As for testing being targeted at “hotspots,” these are now appearing all over the country. Seventy-nine local authorities have rates of infection higher than 20 per 100,000, the level at which an official “concern” is registered. The idea that extra testing is wholly responsible for the present increase, or that it is nothing to worry about because it is concentrated among young people, is a lie. The team behind the Covid Symptom Study App, with over a million participants, issued a report this week saying, “We are now confident that this rise is statistically significant and that we are definitely seeing a rise in COVID cases in the UK. This is backed up by our R [Reproduction] value, which is currently 1.2 for England, Scotland and Wales and 1.3 for Northern Ireland.”
In an interview with ITV on Monday, Professor John Edmunds—a member of the government’s Scientific Advisory Group for Emergencies (SAGE)—said that the reproduction rate (R rate) for the country was “already above 1 and we’ve opened schools. So this is a risky period.”

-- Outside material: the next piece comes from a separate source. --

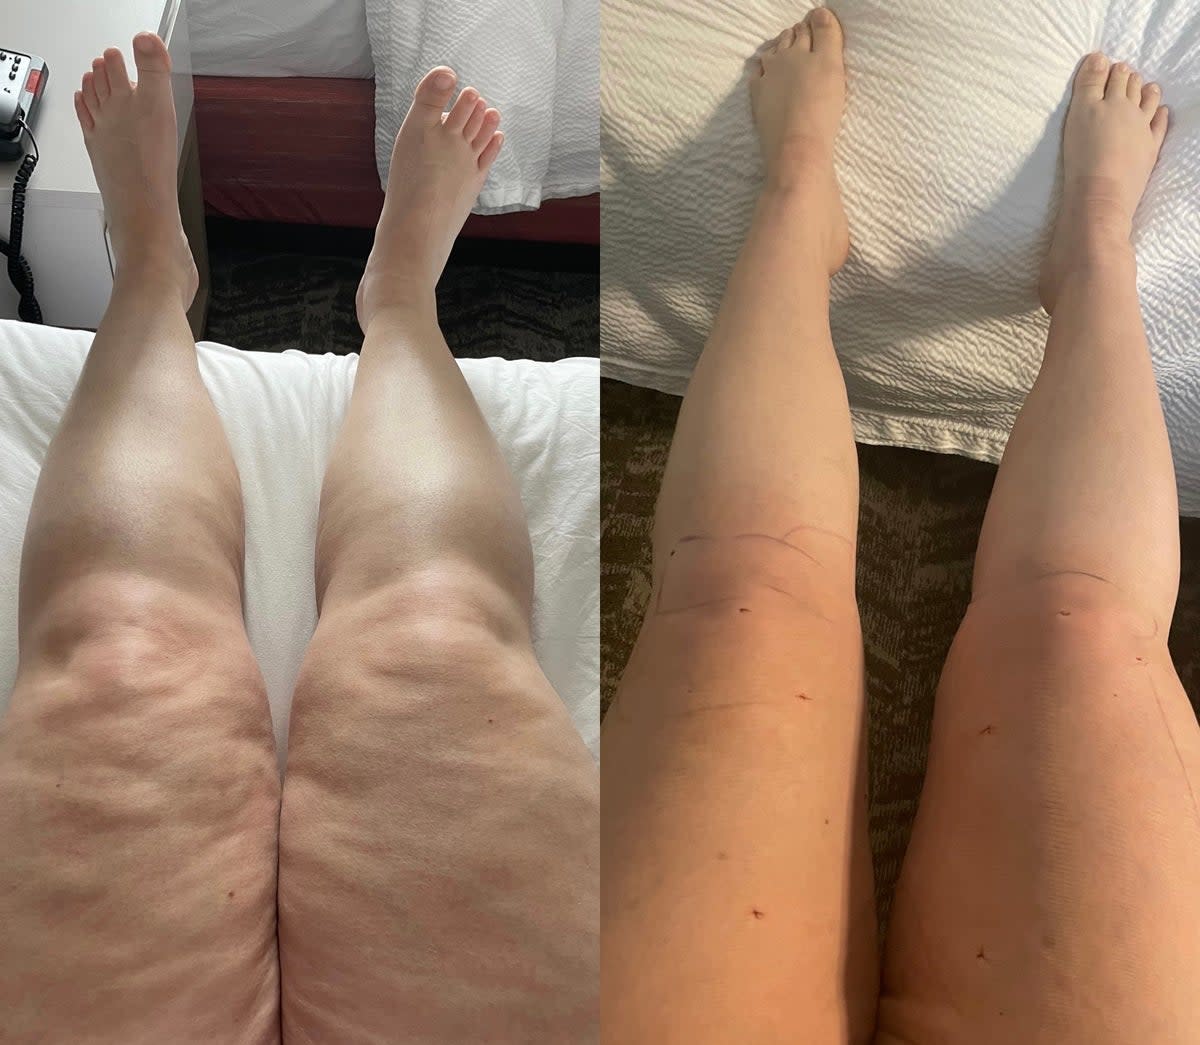 Before and after (Alisa Vandercruyssen / SWNS)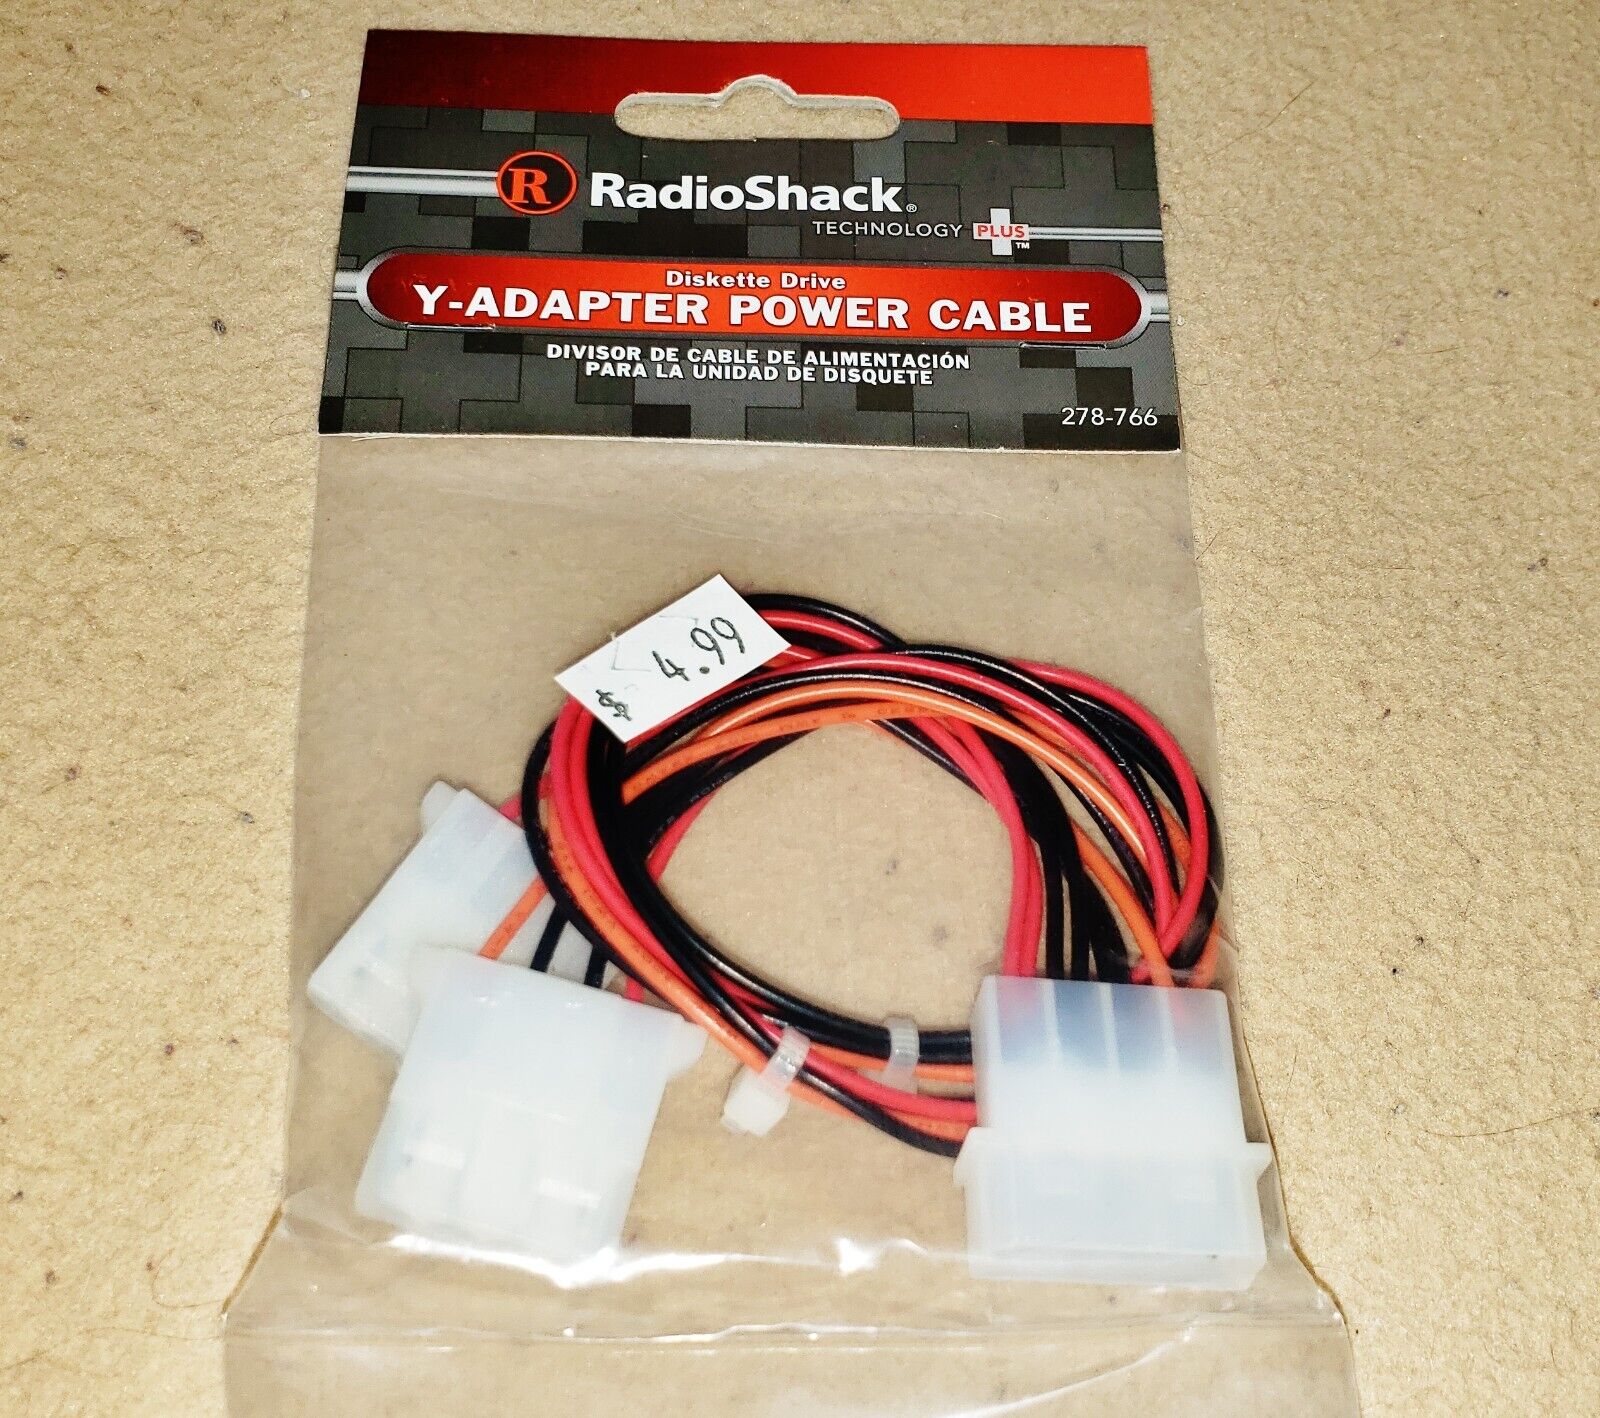 New NOS Radio Shack Diskette Drive Y-Adapter Power Cable in Package

He added that he was “quite worried that schools have just returned, cases are increasing now exponentially. They are increasing exponentially now, from a relatively low level. But they are increasing.”
“The epidemic continues to increase and then we have Christmas. And that is very difficult. What is Christmas? Well, it’s meeting with your family very close. Restaurants and pubs and stuff like that. And it’s all high risk. And it’s all indoors. Indoors makes a difference.”
“Schools have gone back. Universities are high risk. They are going back in the next couple of weeks. And the government is trying to get us back into work and back on the tube and buying our sandwich from Pret-a-Manger, and things like that. That will have an epidemiological effect.”
BBC coverage could have been authored by the government’s press spokesperson. Health correspondent Nick Triggle wrote on Monday, “New figures show the UK faces an ‘impossible balancing act’.” Echoing Boris Johnson’s statement in March that “families are going to lose loved ones,” the BBC journalist wrote, “Keeping the death toll anywhere near zero is, sadly, going to be impossible.” Success, in his view, meant keeping the death toll below the appalling 41,500 fatalities officially recorded this spring. In fact, the government’s own “reasonable worst-case scenario” predicts 85,000 additional deaths.